EXERCISE AIM: Your copy should match the listing below exactly, except that it holds no images.

GIVEN DATA:
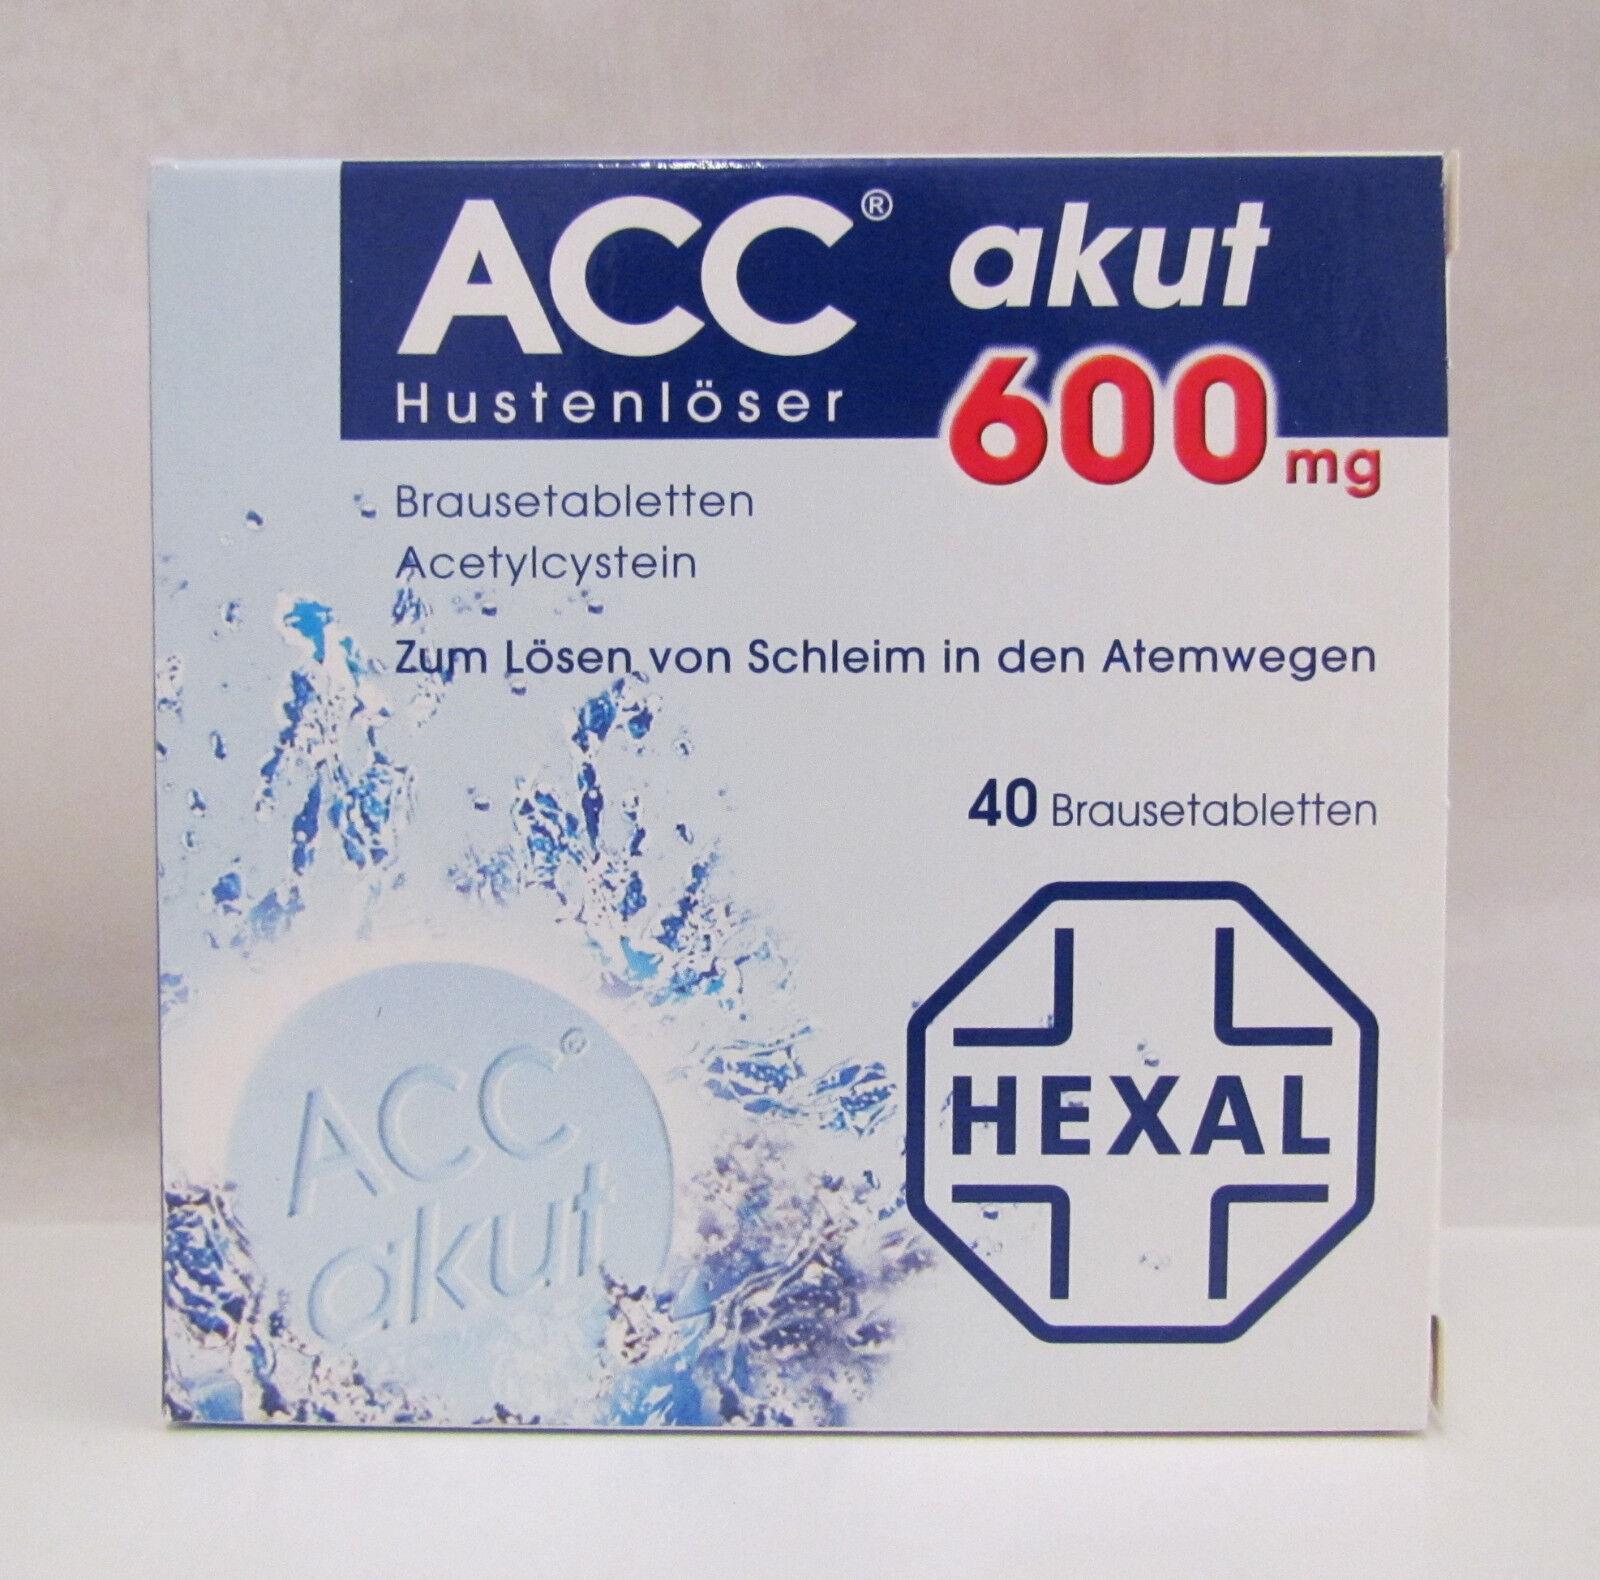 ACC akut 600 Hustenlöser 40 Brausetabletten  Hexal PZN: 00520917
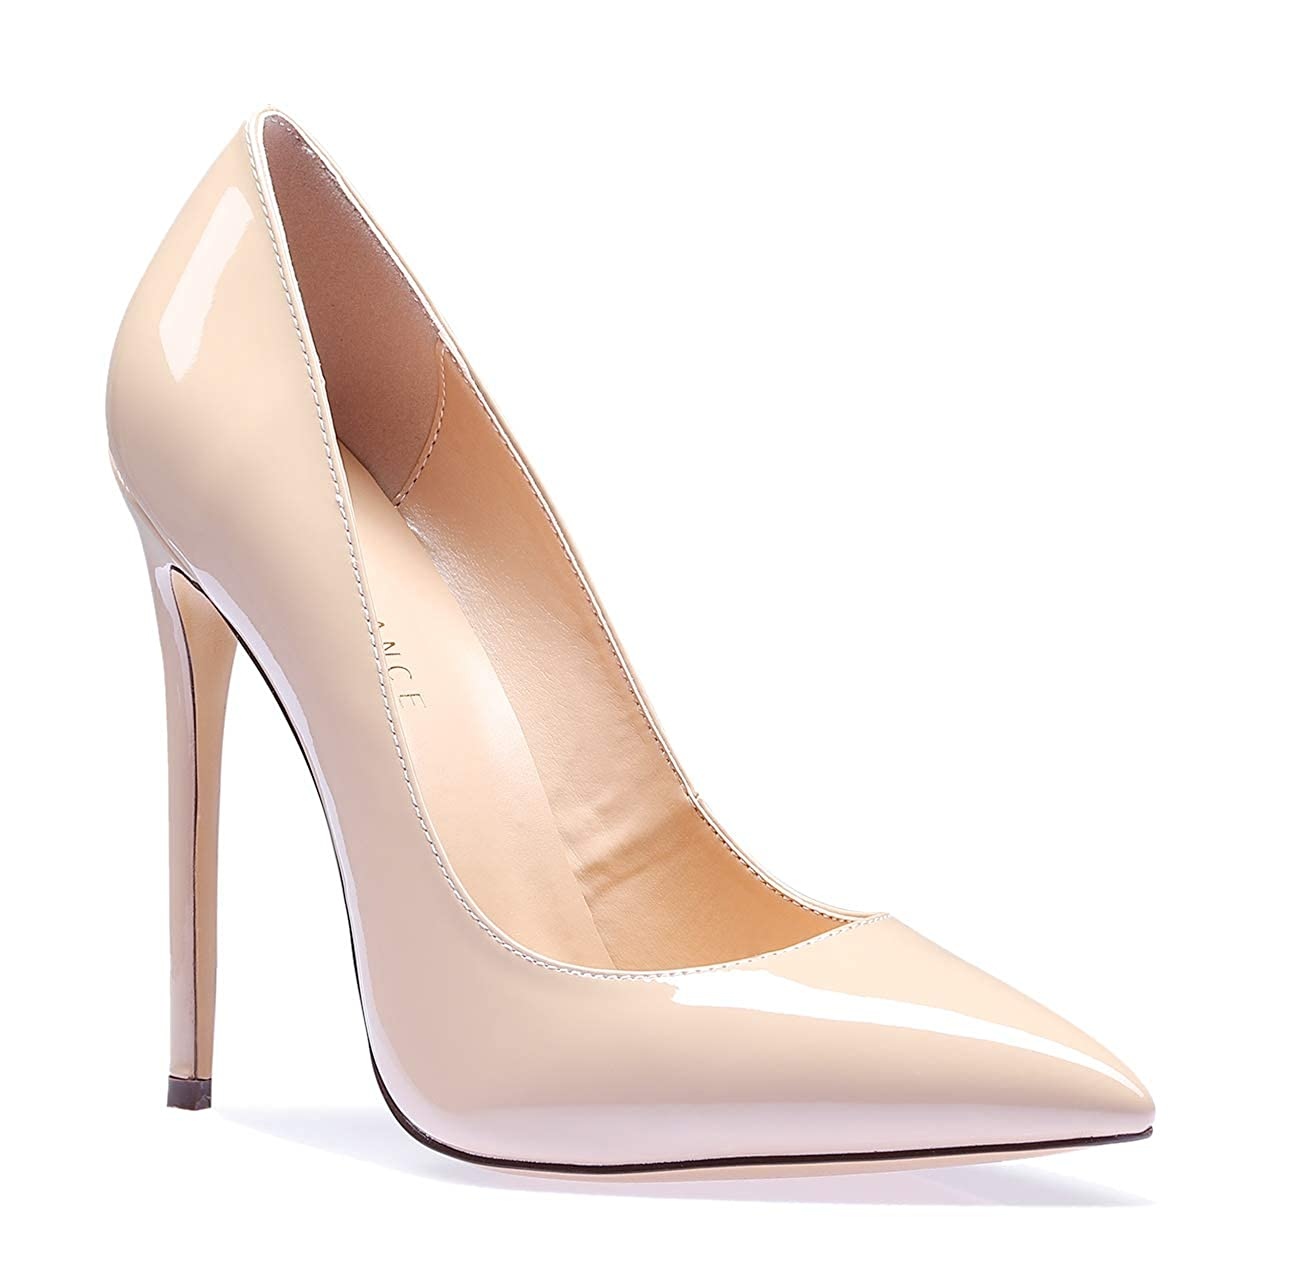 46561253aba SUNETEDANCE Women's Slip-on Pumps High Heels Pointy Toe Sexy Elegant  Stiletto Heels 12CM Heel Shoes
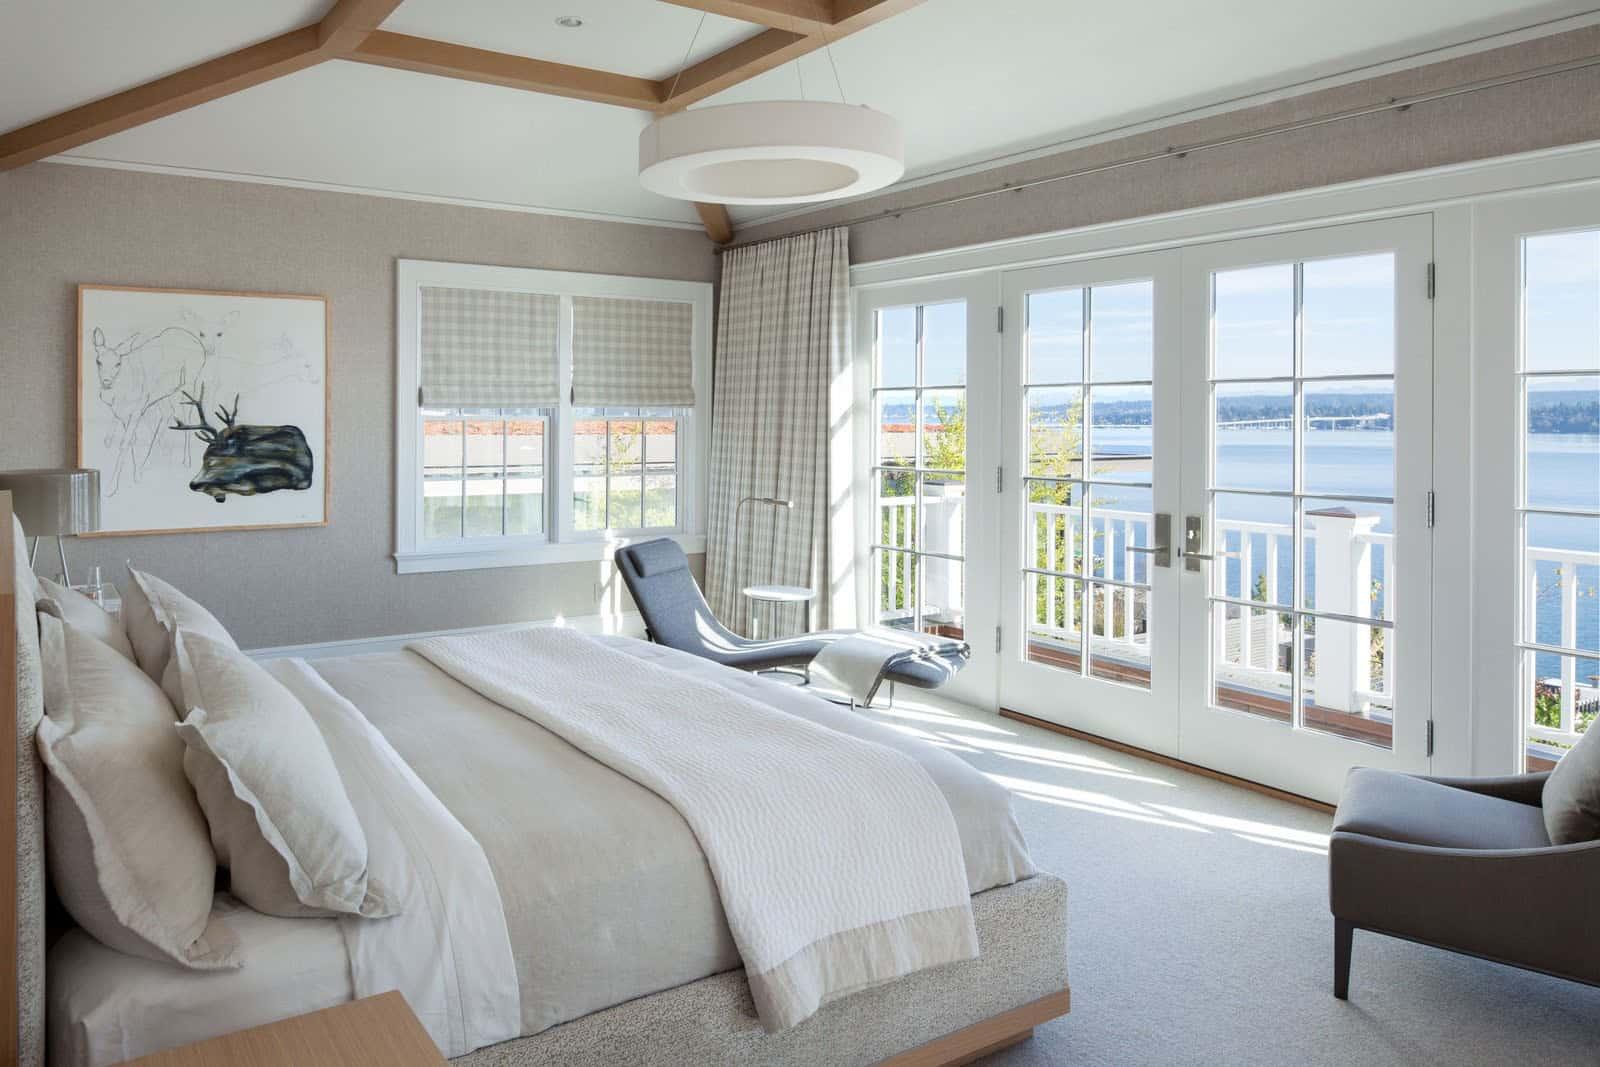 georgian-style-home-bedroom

RESPONSE TO THIS EXERCISE:
 ACC akut 600 Hustenlöser 40 Brausetabletten  Hexal PZN: 00520917
 46561253aba SUNETEDANCE Women's Slip-on Pumps High Heels Pointy Toe Sexy Elegant  Stiletto Heels 12CM Heel Shoes
 georgian-style-home-bedroom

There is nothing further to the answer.